South Dakota Attorney General Gets No Jail Time, $1000 in Fines for Fatal Crash

South Dakota Attorney General Jason Ravnsborg (pronounced “Roundsberg”) was sentenced on Thursday to pay a fine of $500 each on two misdemeanor counts in connection with a fatal crash that killed a pedestrian in September. He received no jail time.
The judge who sentenced Ravnsborg was signing off on a plea deal the defendant had made with prosecutors, who did not discuss details of the investigation because a judge’s order prevents them from doing so, they said.
On September 12, Ravnsborg was driving home from a fundraiser when he hit Joseph Boever, 55, as he walked along the side of the highway. He called 9-1-1 and reported that he “hit something” and had “no idea” what.

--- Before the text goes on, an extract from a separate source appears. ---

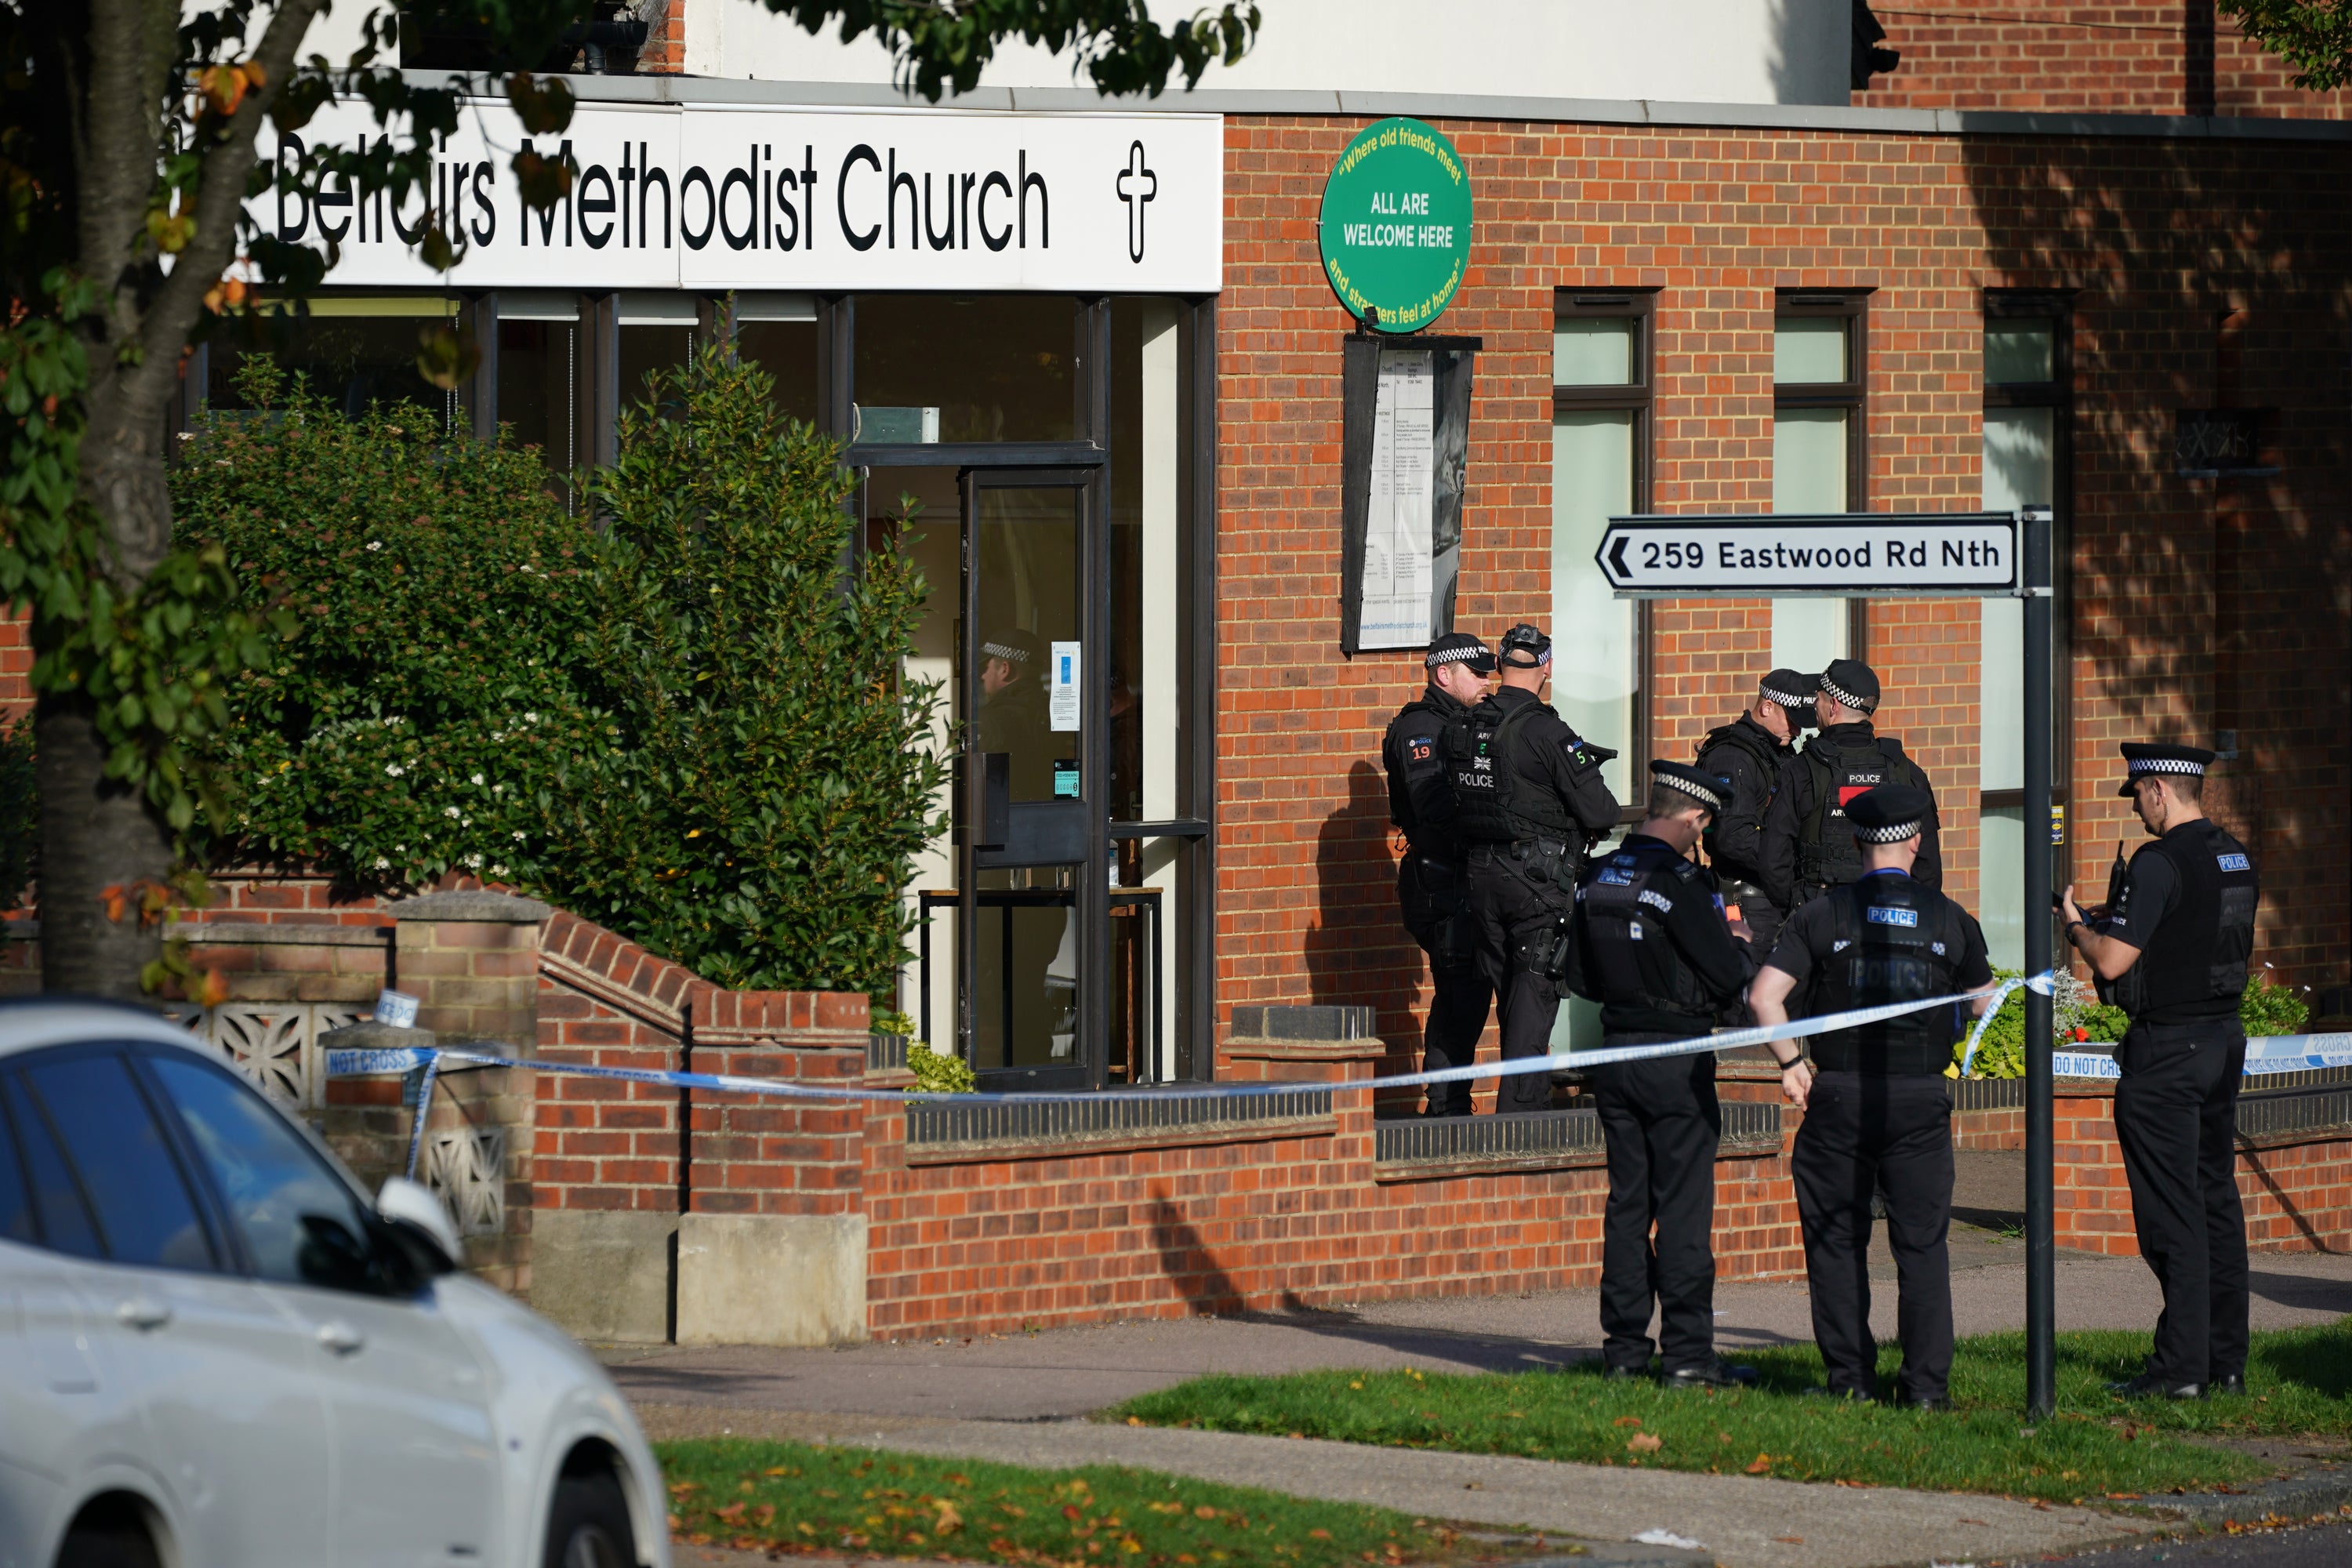 Emergency services at the scene at the Belfairs Methodist Church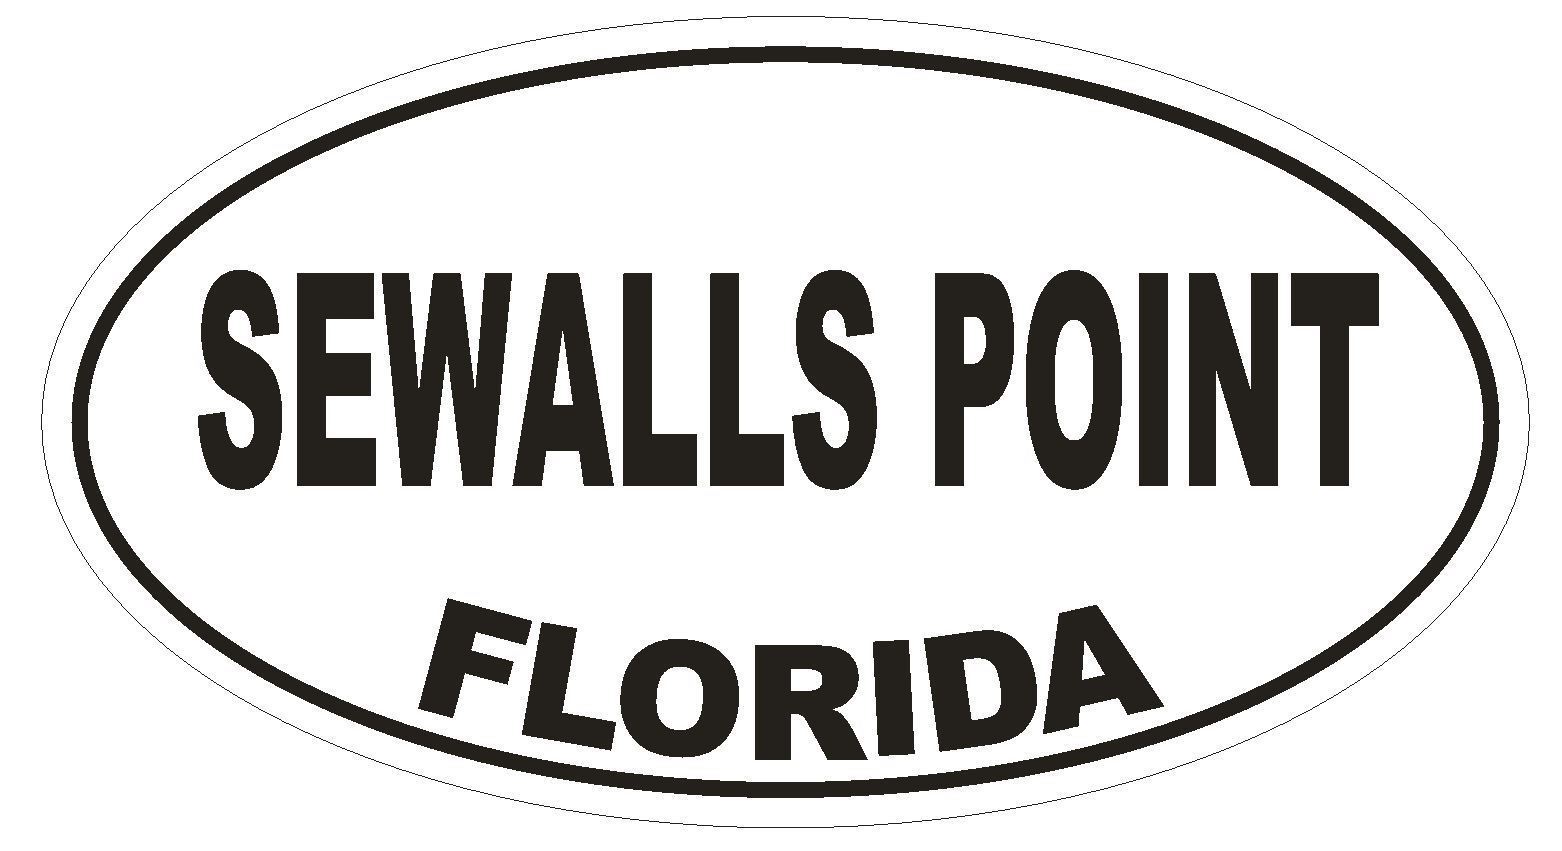 Primary image for Sewalls Point Florida Oval Bumper Sticker or Helmet Sticker D2737 Euro Decal

Law enforcement arrived at the scene but could not find what Ravnsborg had hit.
Ravnsborg returned to the scene the next day to find Boever dead.
Notably, the victim’s reading glasses were found inside Ravnsborg’s car. During a police interrogation on September 30, one detective told Ravnsborg, “His face was in your windshield, Jason. Think about that.”
The attorney general took a toxicology test a full 15 hours after the crash. It showed no alcohol in his system. Witnesses police spoke to at the fundraiser said they did not see Ravnsborg drinking.
He admitted to investigators that he had been browsing the internet on his phone minutes before the fatal crash, but said he put his phone down at least a minute before it happened.
Ravnsborg has resisted calls to resign his position. Fellow Republican Gov. Kristi Noem has been among his harshest critics and has repeatedly called for him to step down. Noem expressed “disappointment” at the outcome and issued a statement saying that Ravnsborg has “not accepted responsibility for the death of Joseph Boever and did not even appear in court today to face the charges or the Boever family.”
The attorney general was not required to appear in court on Thursday.
Noem urged the legislature to take up articles of impeachment against the attorney general. The legislature had previously done so, but paused the effort in March to “allow the legal system to proceed without further interference and with due process.”
On Thursday, Boever’s sister Jane expressed disgust at the outcome and Ravnsborg’s absence. “Why, after having to wait nearly a year, do we not have the chance to face him?” she asked the court.
“We do not feel a couple of fines is adequate punishment for killing a man,” she said. “This is inexcusable.”